→ **Work to be completed**: Beneath this instruction is a block of data; output from it exactly the lines that run from the one containing "SCORNED - Ho'owaha" through the one containing "Lederen lange manchet", inclusive.
Start of Block
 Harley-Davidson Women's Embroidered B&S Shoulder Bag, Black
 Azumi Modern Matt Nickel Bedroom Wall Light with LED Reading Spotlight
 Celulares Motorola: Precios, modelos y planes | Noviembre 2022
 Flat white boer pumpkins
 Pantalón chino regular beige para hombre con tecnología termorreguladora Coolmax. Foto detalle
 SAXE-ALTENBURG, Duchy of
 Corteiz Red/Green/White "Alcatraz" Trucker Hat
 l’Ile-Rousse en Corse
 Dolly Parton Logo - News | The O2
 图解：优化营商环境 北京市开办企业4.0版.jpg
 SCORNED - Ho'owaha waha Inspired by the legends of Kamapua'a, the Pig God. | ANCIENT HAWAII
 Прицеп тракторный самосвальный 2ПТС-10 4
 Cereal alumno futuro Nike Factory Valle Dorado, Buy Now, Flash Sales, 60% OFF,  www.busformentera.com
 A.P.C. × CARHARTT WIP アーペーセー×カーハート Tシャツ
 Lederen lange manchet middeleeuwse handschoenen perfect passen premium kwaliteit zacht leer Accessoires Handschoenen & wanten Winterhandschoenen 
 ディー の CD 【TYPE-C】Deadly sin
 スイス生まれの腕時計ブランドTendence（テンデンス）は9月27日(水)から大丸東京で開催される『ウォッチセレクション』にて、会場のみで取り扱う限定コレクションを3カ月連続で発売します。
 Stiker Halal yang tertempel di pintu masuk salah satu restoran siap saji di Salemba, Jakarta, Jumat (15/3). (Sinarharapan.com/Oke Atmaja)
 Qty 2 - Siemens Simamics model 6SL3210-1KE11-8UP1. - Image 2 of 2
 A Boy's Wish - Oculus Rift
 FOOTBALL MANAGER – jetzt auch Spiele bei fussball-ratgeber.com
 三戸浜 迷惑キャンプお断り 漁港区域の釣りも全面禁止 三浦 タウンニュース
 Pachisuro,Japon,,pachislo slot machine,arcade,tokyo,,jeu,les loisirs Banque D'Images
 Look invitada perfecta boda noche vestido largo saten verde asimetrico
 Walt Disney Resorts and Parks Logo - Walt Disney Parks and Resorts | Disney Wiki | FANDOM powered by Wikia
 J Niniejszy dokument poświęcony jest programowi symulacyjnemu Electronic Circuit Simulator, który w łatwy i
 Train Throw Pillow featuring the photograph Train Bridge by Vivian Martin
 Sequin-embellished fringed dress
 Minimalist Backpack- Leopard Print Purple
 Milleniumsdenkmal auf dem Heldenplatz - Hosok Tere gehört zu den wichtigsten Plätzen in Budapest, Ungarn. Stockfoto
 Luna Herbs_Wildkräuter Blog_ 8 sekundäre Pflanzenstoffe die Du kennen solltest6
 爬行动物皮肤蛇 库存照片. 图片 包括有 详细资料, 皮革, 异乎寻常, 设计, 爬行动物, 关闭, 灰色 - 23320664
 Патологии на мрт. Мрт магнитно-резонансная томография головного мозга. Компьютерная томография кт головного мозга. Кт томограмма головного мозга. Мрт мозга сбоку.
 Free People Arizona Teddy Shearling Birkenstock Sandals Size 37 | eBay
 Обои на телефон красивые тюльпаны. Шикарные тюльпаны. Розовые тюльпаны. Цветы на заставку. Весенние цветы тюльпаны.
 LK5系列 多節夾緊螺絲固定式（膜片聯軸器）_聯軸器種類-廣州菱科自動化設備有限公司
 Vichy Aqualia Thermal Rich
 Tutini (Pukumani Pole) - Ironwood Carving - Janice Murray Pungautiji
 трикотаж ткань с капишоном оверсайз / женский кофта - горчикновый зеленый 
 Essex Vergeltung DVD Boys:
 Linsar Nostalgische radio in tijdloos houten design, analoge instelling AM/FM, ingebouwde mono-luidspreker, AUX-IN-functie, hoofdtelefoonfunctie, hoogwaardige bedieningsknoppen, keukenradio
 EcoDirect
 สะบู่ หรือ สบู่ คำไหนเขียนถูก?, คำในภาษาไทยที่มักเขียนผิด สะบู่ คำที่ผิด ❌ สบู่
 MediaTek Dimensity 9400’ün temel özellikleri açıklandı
End of Block
→ **Solution for this problem**:
 SCORNED - Ho'owaha waha Inspired by the legends of Kamapua'a, the Pig God. | ANCIENT HAWAII
 Прицеп тракторный самосвальный 2ПТС-10 4
 Cereal alumno futuro Nike Factory Valle Dorado, Buy Now, Flash Sales, 60% OFF,  www.busformentera.com
 A.P.C. × CARHARTT WIP アーペーセー×カーハート Tシャツ
 Lederen lange manchet middeleeuwse handschoenen perfect passen premium kwaliteit zacht leer Accessoires Handschoenen & wanten Winterhandschoenen 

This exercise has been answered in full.